FREELANCE WRITER. JOURNALIST, AND SCRIPT READER – FAN OF SCI-FI AND CHOCOLATE DIGESTIVES – YSTV'S BEST DRESSED MEMBER 2013

Wednesday, 10 February 2016

On 10.2.16 by KieronMoore in , , , ,    No comments

For the full version of this review, visit Starburst.

The Earth has been all but destroyed by chemical weapons; Norman Reedus’ Bauer and Djimon Hounsou’s Cartwright are the maintenance workers who wake up every six months to perform checks on the underground bunker they, and hundreds of other cryogenically frozen survivors, live in.

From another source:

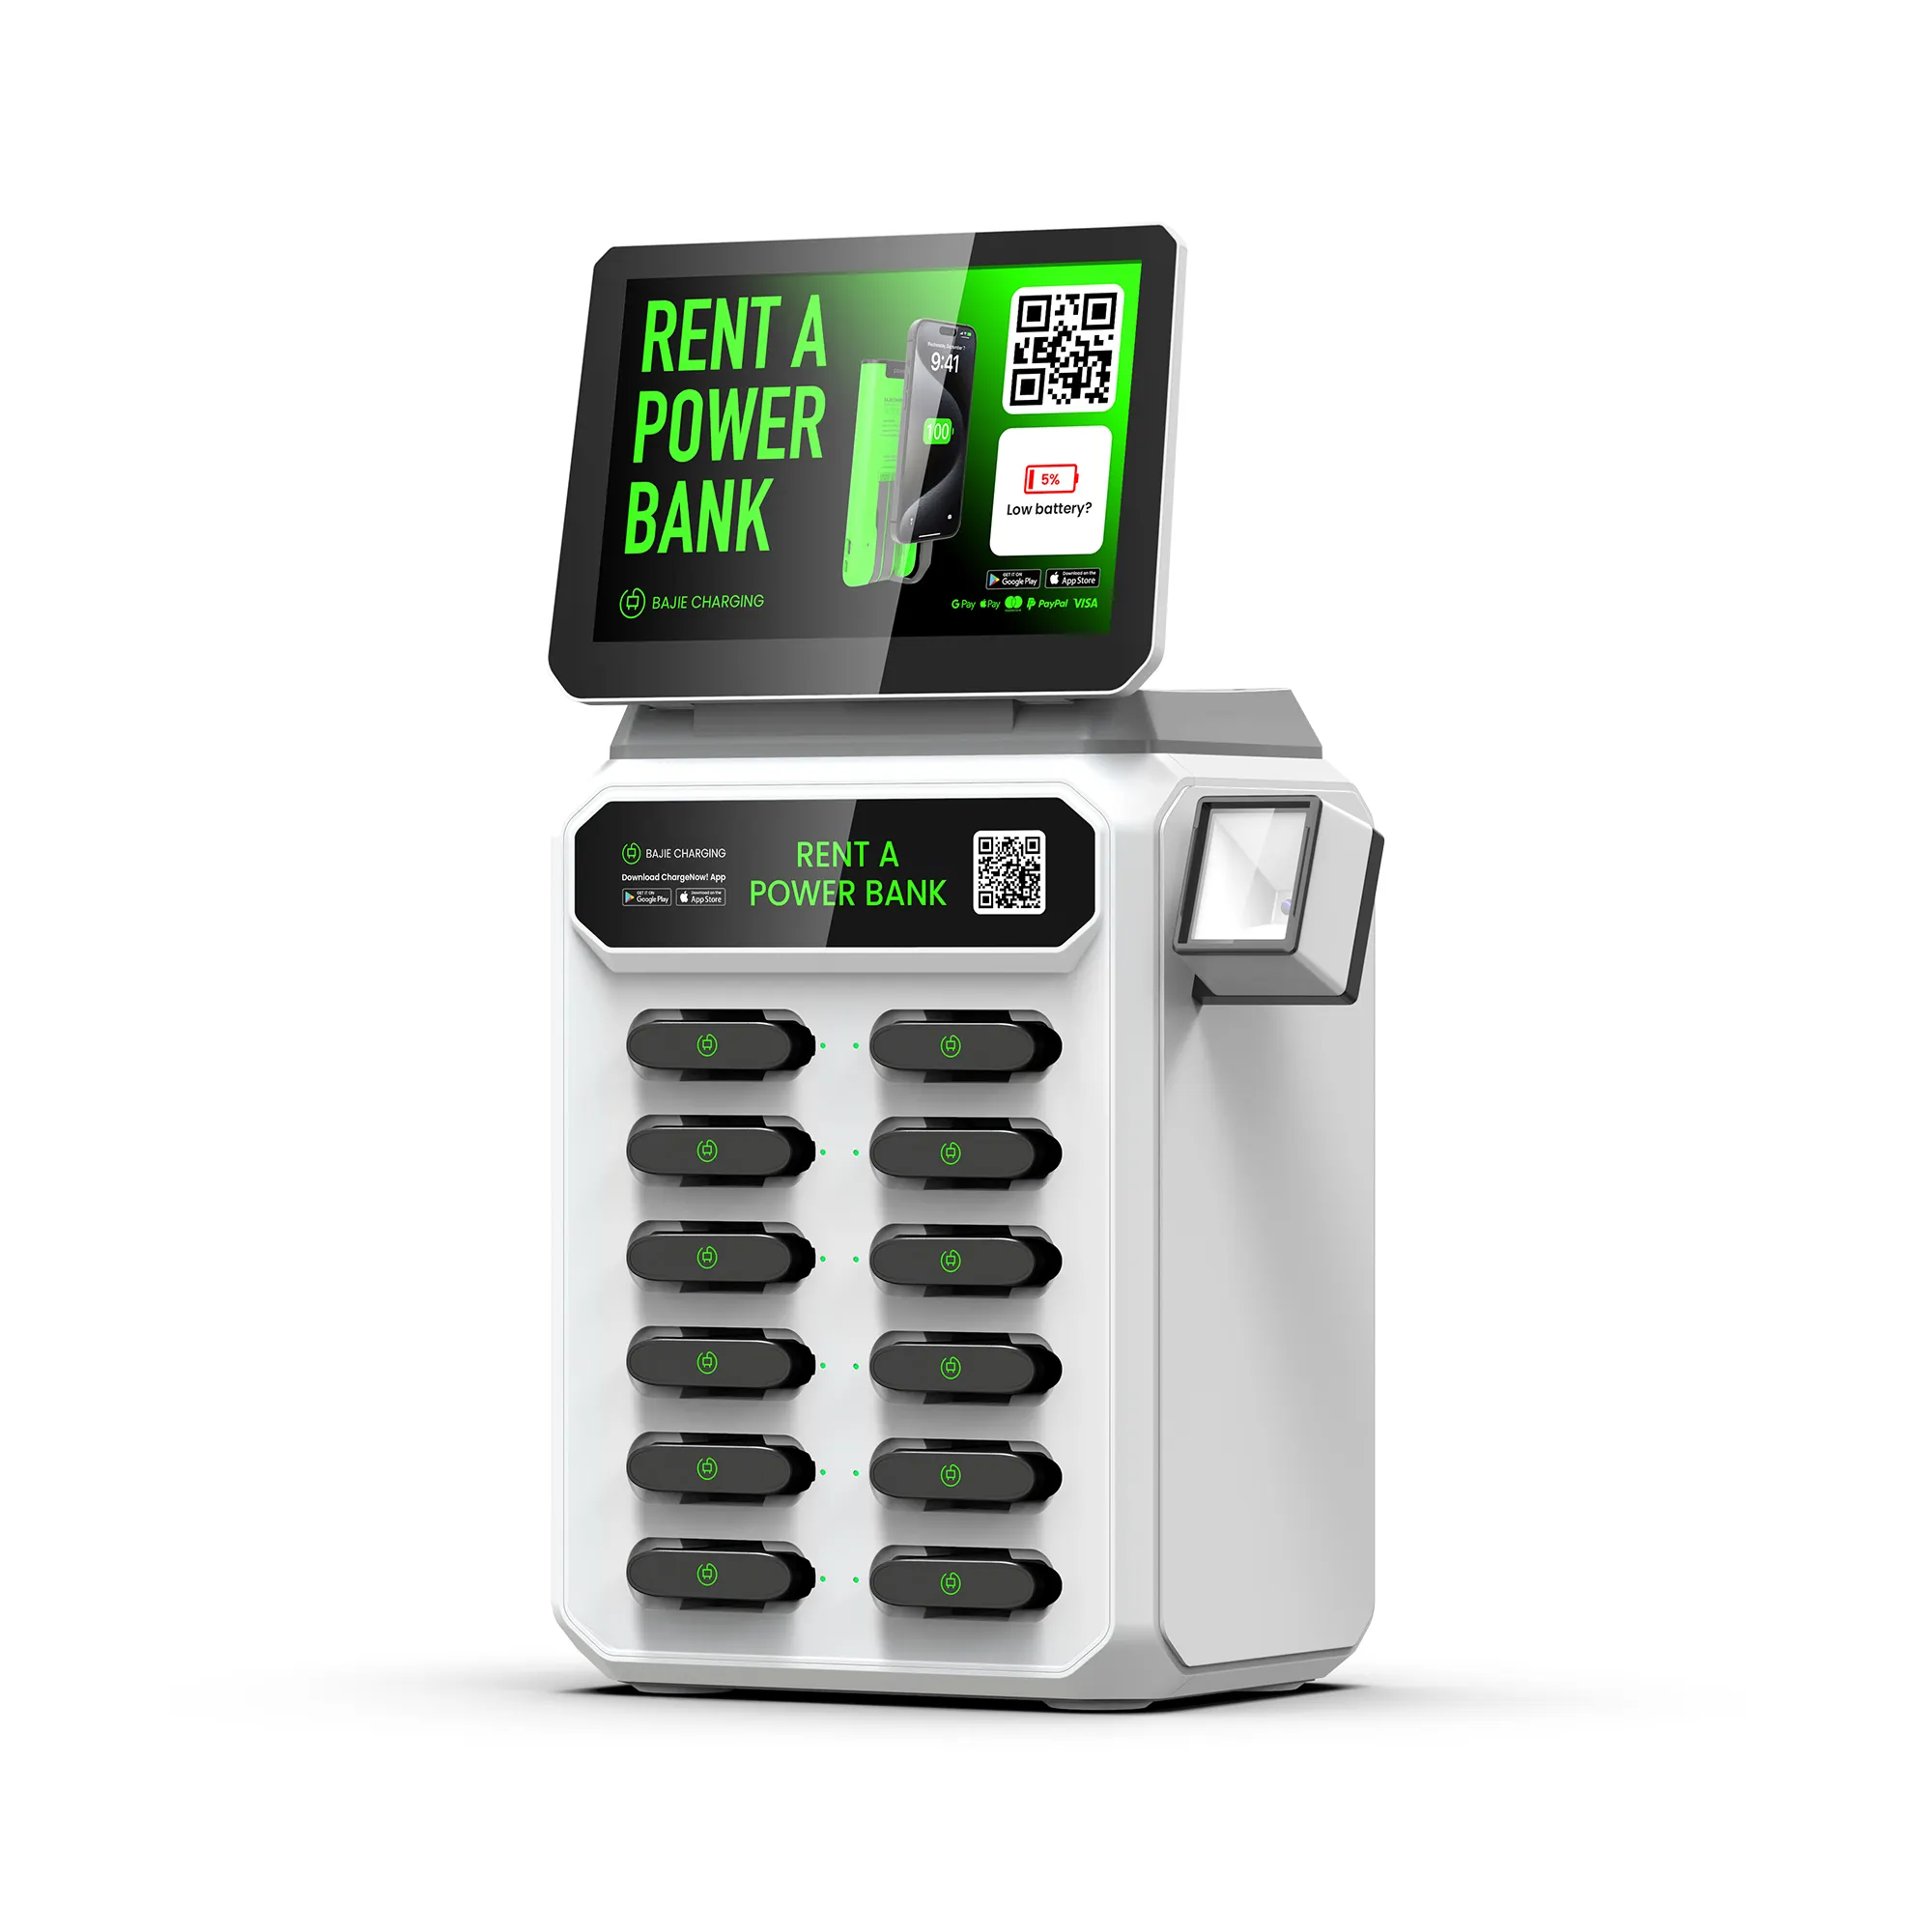 12 emplacements partagent la station de location de banque d'alimentation avec écran et lecteur de point de vente personnalisable le moyen le plus simple de louer la batterie,
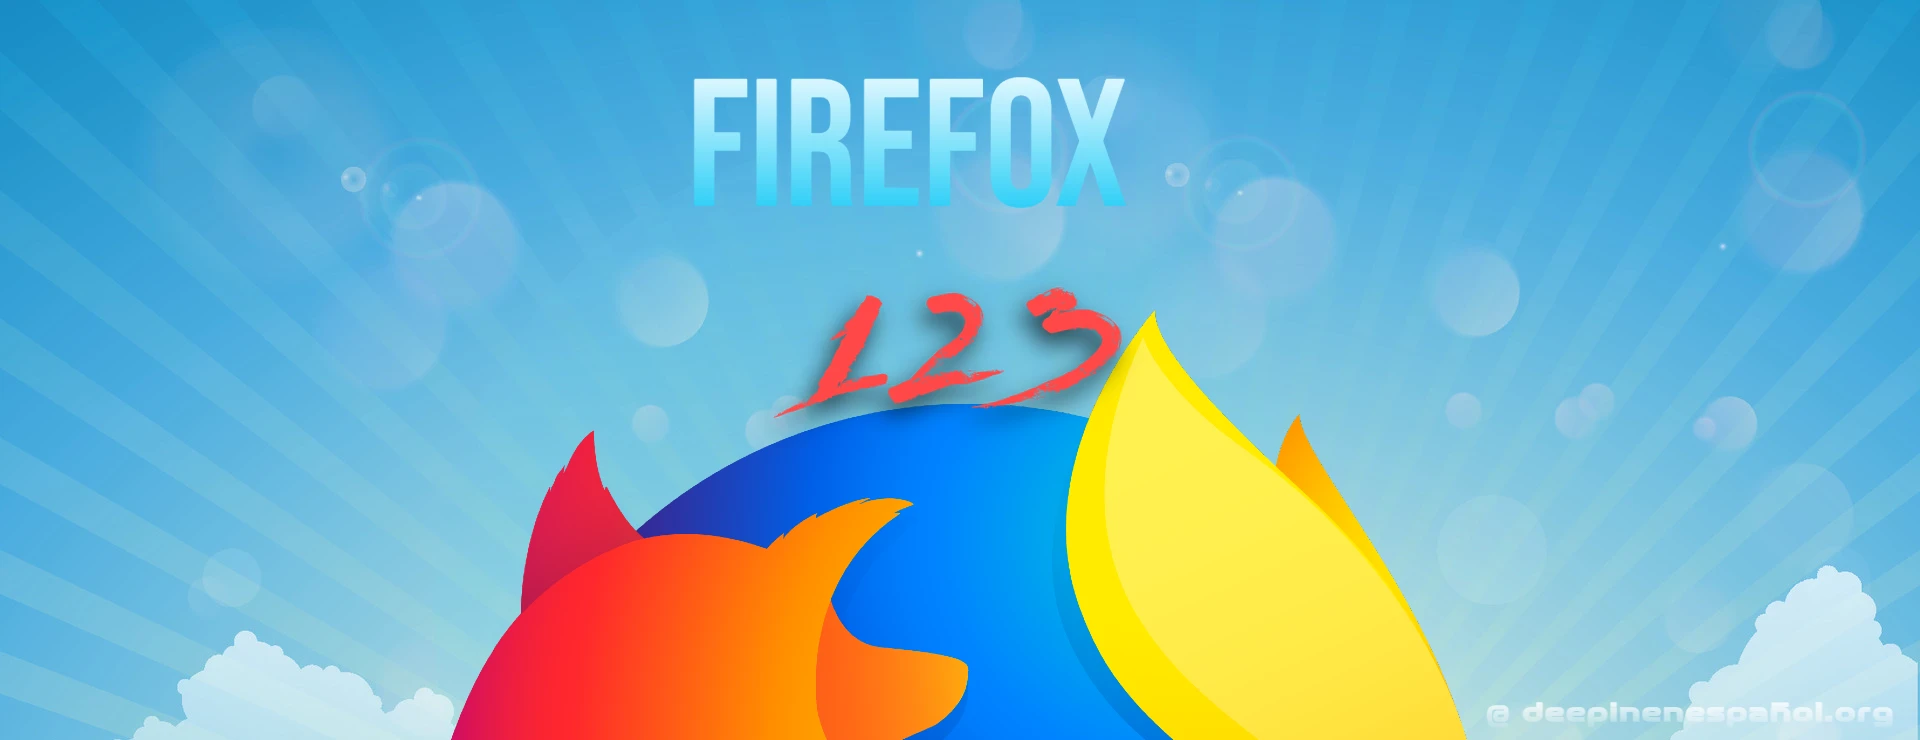 Firefox 123

And then one day, for some reason or other, Cartwright’s bed sets on fire. Bugger. Unless they find him a new one, he won’t be able to go back into stasis – and there isn’t an Ikea in sight. This quest leads to tensions rising between the two workers and dark secrets about humanity being uncovered.

It’s a good concept for a low-budget character-based sci-fi drama, but the way the story plays out is, frankly, frustrating. The characters and world are set up nicely – Bauer’s the untidy one who won’t stop singing The Clash, Cartwright just wants to get his job done but is hiding the fact he’s having visions of his lost love. There’s clear tension here, and Reedus and Hounsou convey this unstable friendship nicely. And then they spend half the film looking on some shelves for a bed. 

Nevertheless, Cantamessa and production designer Brian Kane have done a good job of making the bunker into an effectively claustrophobic setting, with the technology being a great cross between futuristic and falling apart, in the same way that made iconic sets such as the Nostromo and the Millennium Falcon so believable.